» **Exercise instructions**
From the line containing "Spectrum with manual" down to the last line of the material, output each line exactly as it appears, excluding pictures.

» **Collected data**
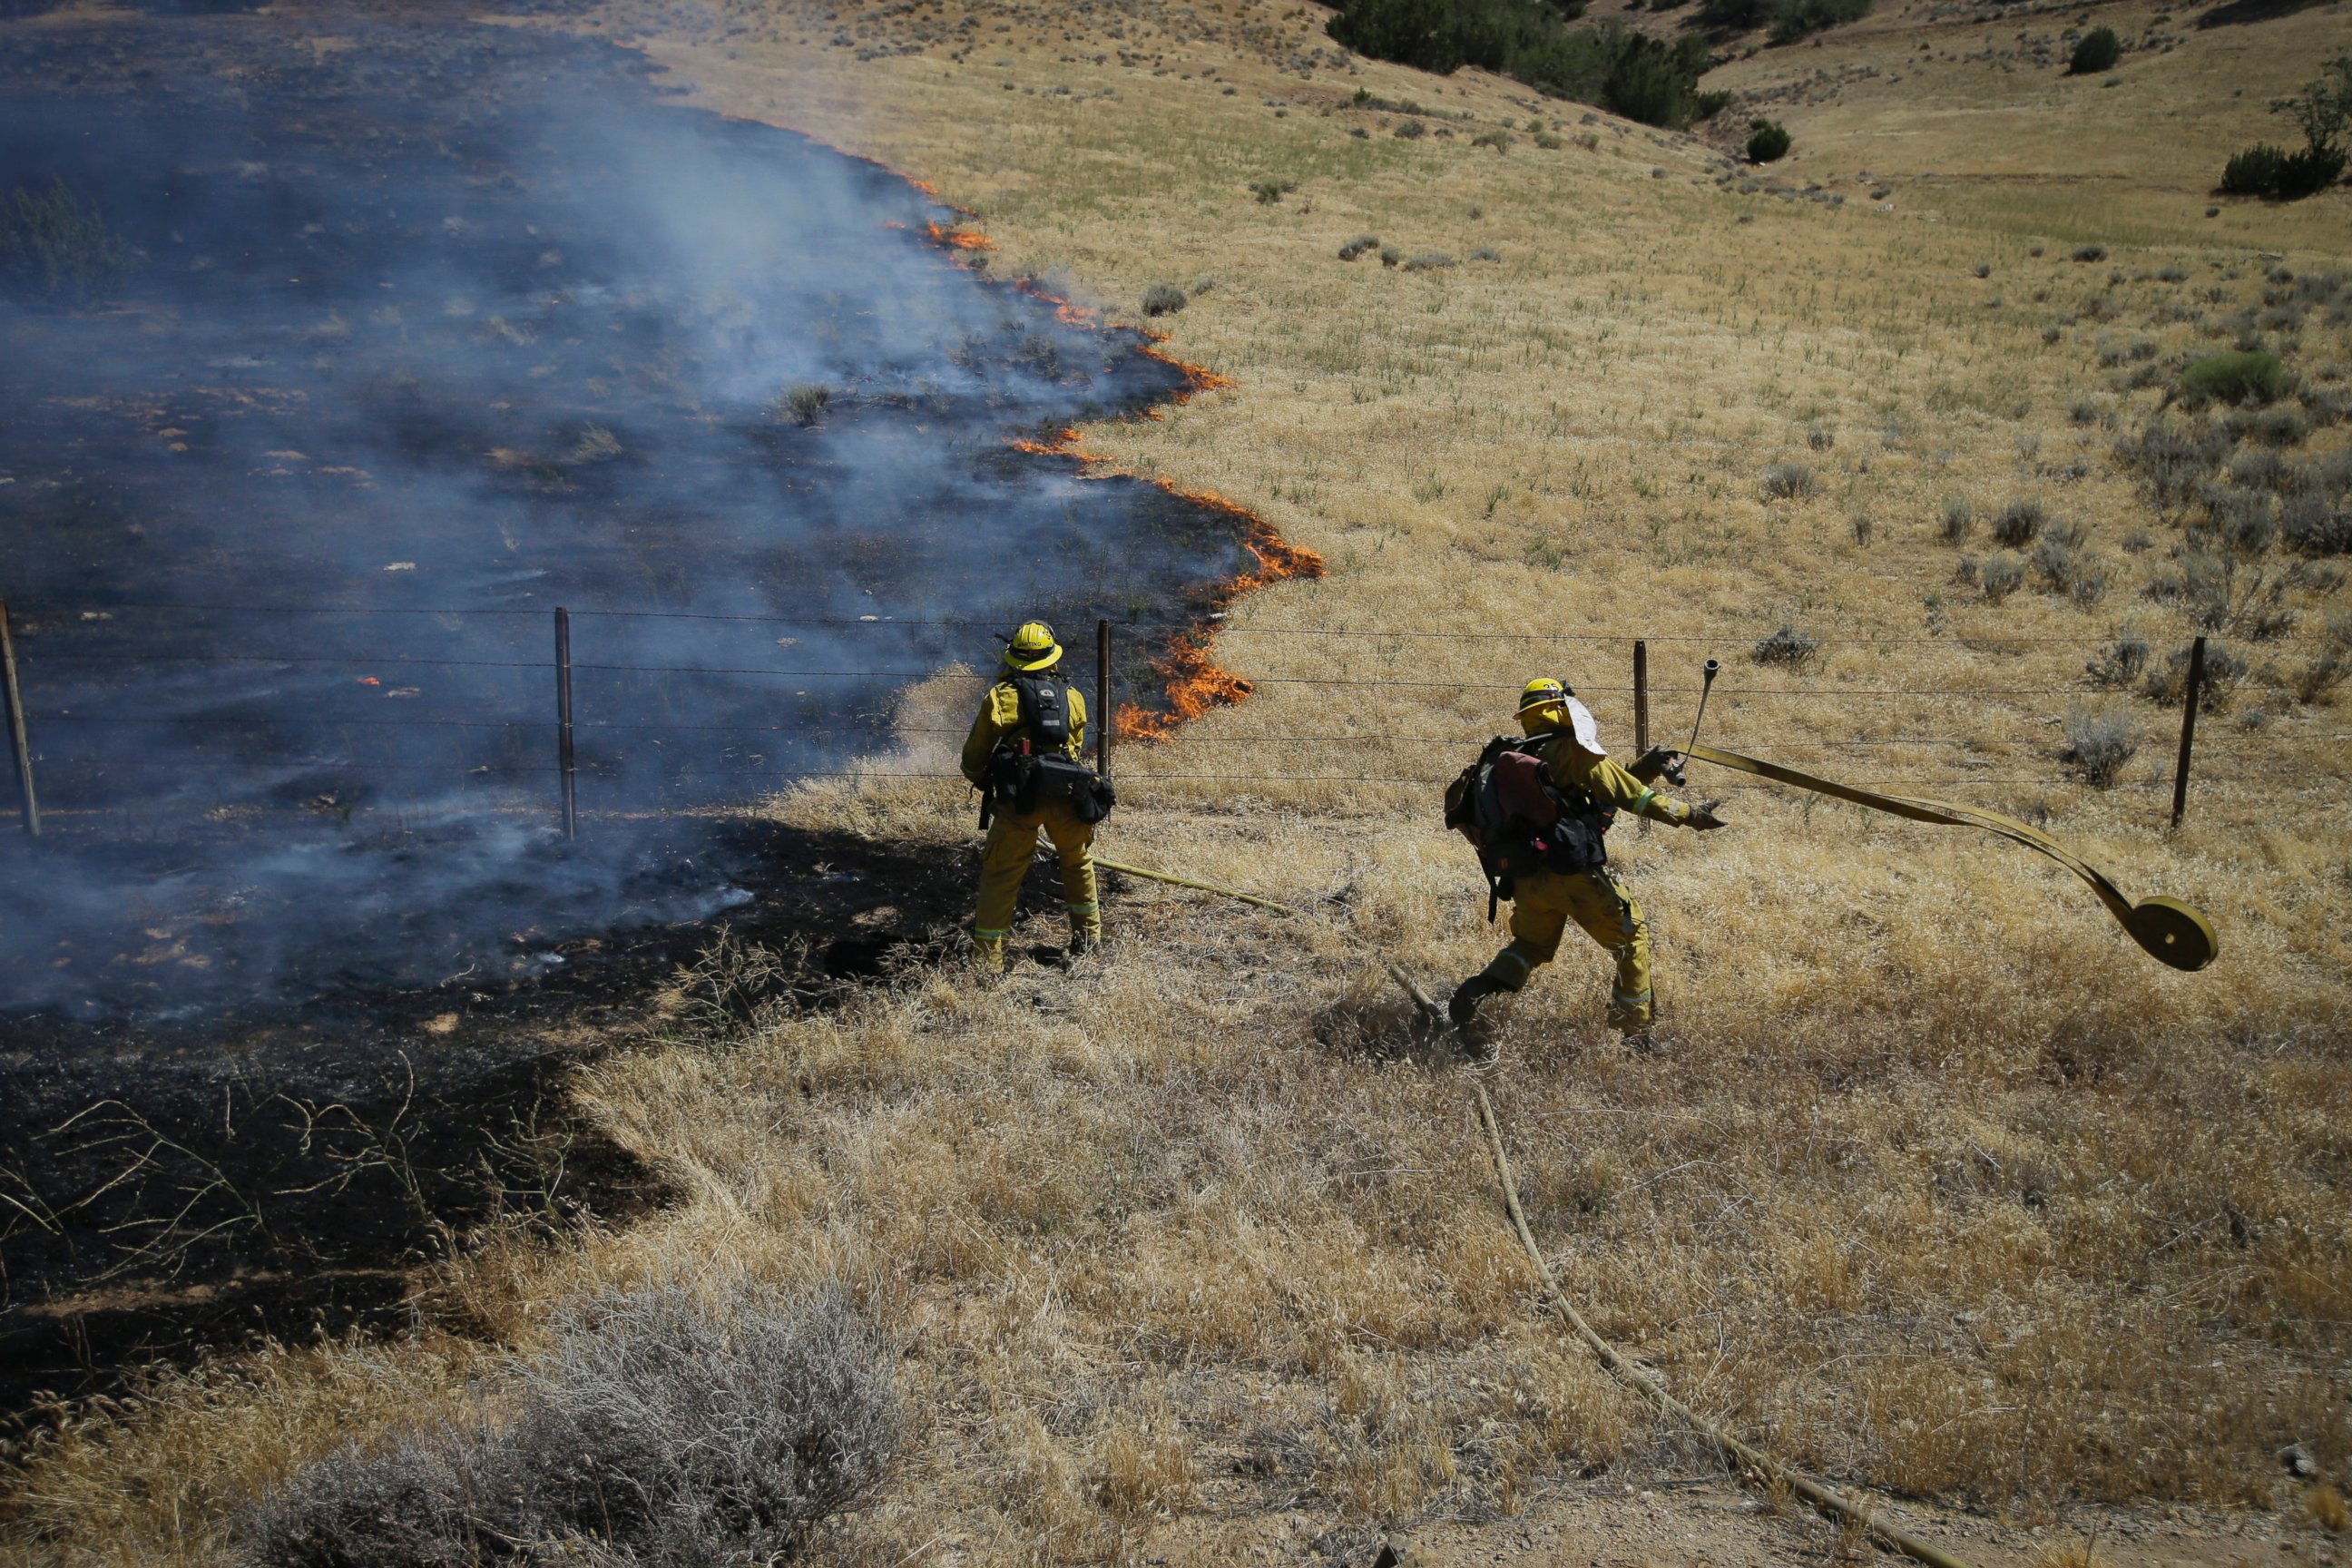 PHOTO: Firefighters prepare water hoses to battle a wildfire burning along Highway 178 near Lake Isabella, Calif., June 24, 2016.
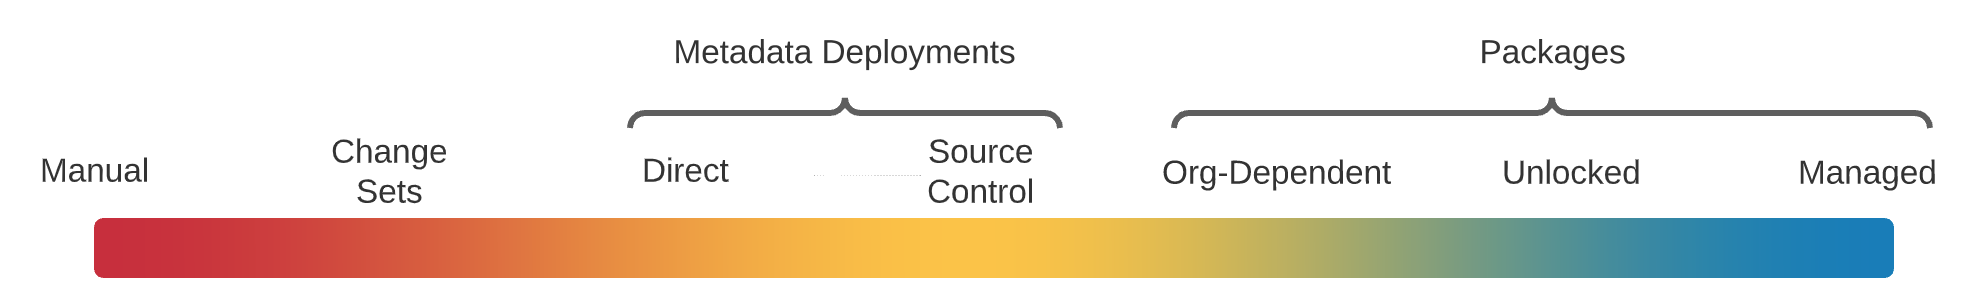 Spectrum with manual deployments as simplest choice and managed packages as most complex.
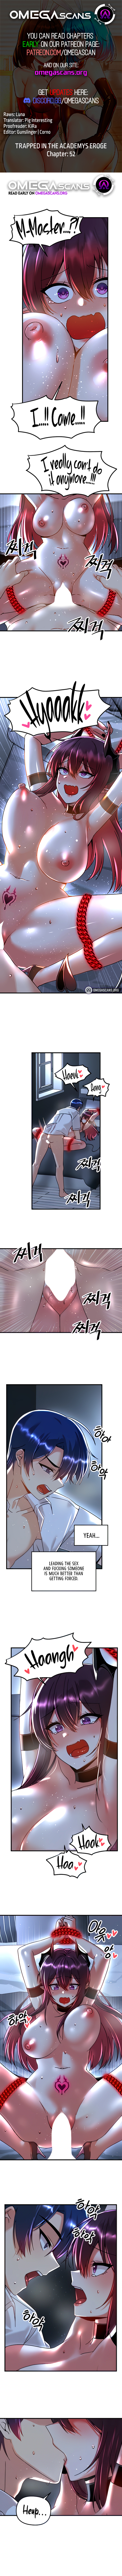 Panel Image 1 for chapter 52 of manhwa Trapped in the Academy

» **Output of the exercise**
 Spectrum with manual deployments as simplest choice and managed packages as most complex.
 Panel Image 1 for chapter 52 of manhwa Trapped in the Academy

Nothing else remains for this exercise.